Formed in 2018 in Lugano, VAN COUVER have spent years distilling a musical aesthetic where early 2000s New York indie rock and the British sounds of the '90s collide. While their 2023 debut, How’s The Weather?, introduced a band capable of conjuring the ghosts of Interpol and Slowdive through tight guitars and hypnotic vocals, their recent output reflects a clearer, more focused sonic identity.
In 2024, the group pushed their boundaries with the single Belong—an indie-rock track wrapped in sharp shoegaze textures—followed in August 2025 by a reimagining of the Double classic The Captain of Her Heart for national broadcaster SSR. Today, VAN COUVER stand as a solid unit, navigating the space between melodies that are simultaneously dreamy and biting, backed by a gritty, high-energy rhythm section.
With their sophomore album, Everything Will Work Out (Eventually), the band solidifies their identity across ten tracks that explore the resilience required to remain whole during the storm.

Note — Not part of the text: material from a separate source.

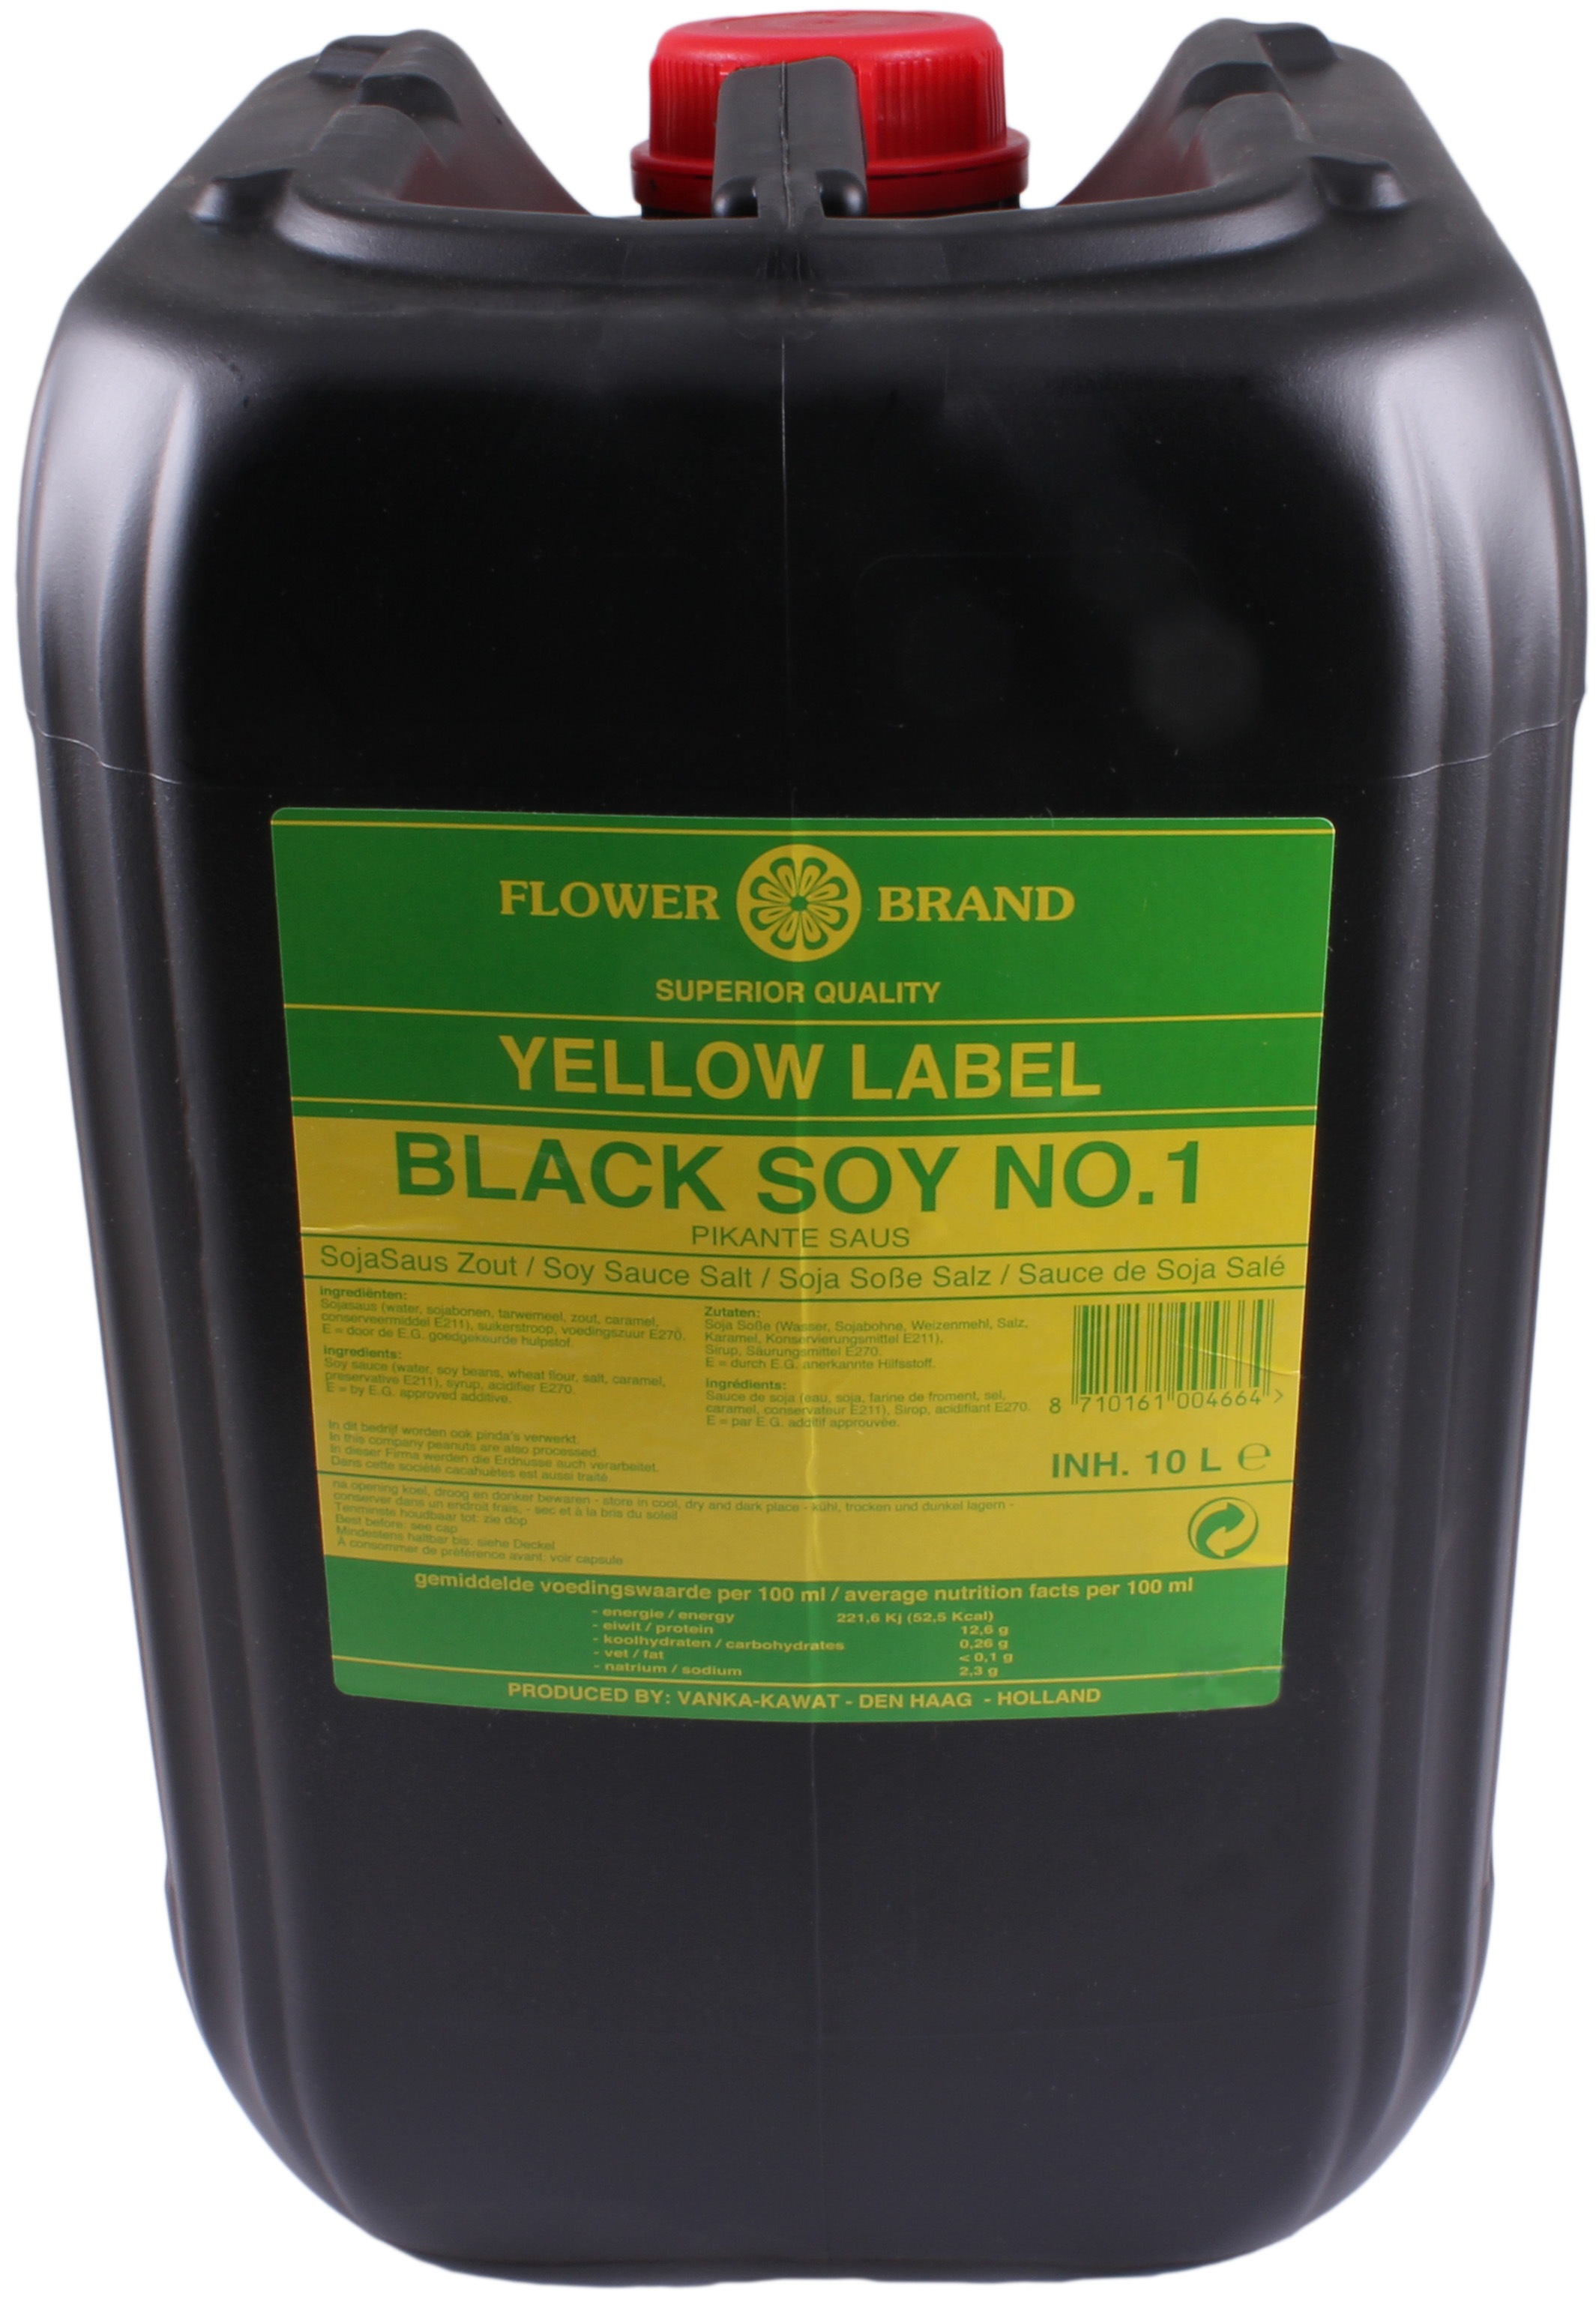 74819 Ketjap black soy no.1 can 1x10 ltr
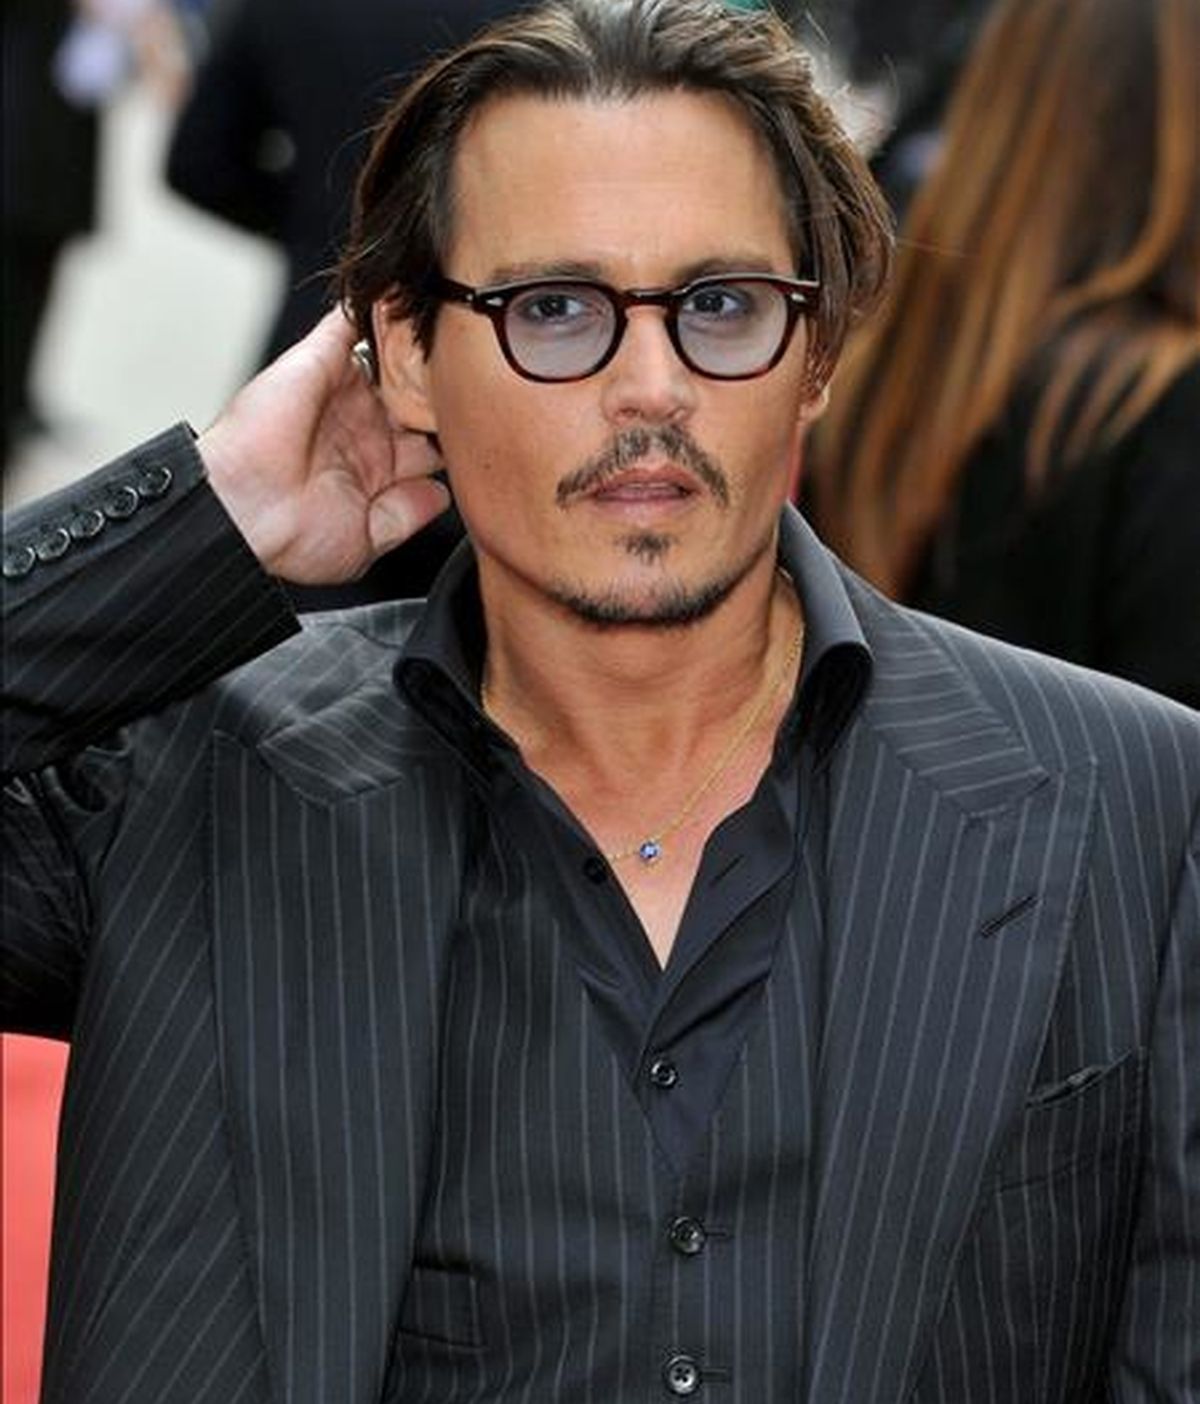 El actor estadounidense Johnny Depp posa al llegar al estreno de "Public Enemies" (Enemigos Públicos), del director estadounidense Michael Mann, ayer  lunes 29 de junio en el Empire Leicester Square de Londres, Reino Unido. EFE

It is the sound of a band that has stopped searching for an identity and simply started playing it.
If Liam Gallagher had smoked fewer cigarettes. If Pavement had been English. If Swervedriver had been less heavy. If The Jesus and Mary Chain had been less gloomy. If all of this had happened and come together in one great creative flow, two bands would have been born: Lotus Plaza and VAN COUVER. And in a parallel and surreal reality like Italian Switzerland, fortunately, all of this was possible.
In a time where only rap seems to bring satisfaction, a nine-song album puts you back in the saddle of a bike, ready to crash with a smile because you're in your 30s and have consciously decided not to become an adult and relive what the best of the '80s and '90s kindly offered you, adding the freshness that only someone with a monstrous desire to play can transmit in a song. Someone who has spent nights and early mornings in a few square meters between cables, software, and various gadgets, releasing what churns in their stomach, heart, and head since they heard the first guitar note. If we are the generation stuck in our own adolescence, perhaps there is a reason. Because it was damn beautiful. If our memories smell of distorted guitars, bike rides, backpacks on one shoulder, old video games, early synthesizers, faded T-shirts, and perpetual melancholy, then we might as well give them the exceptionally updated version of all this, and among the best you can find out there is the album How's The Weather. A full, sincere sound, carefully crafted in its honestly DIY project, for atmospheres and philosophy. Favorite song: Marine.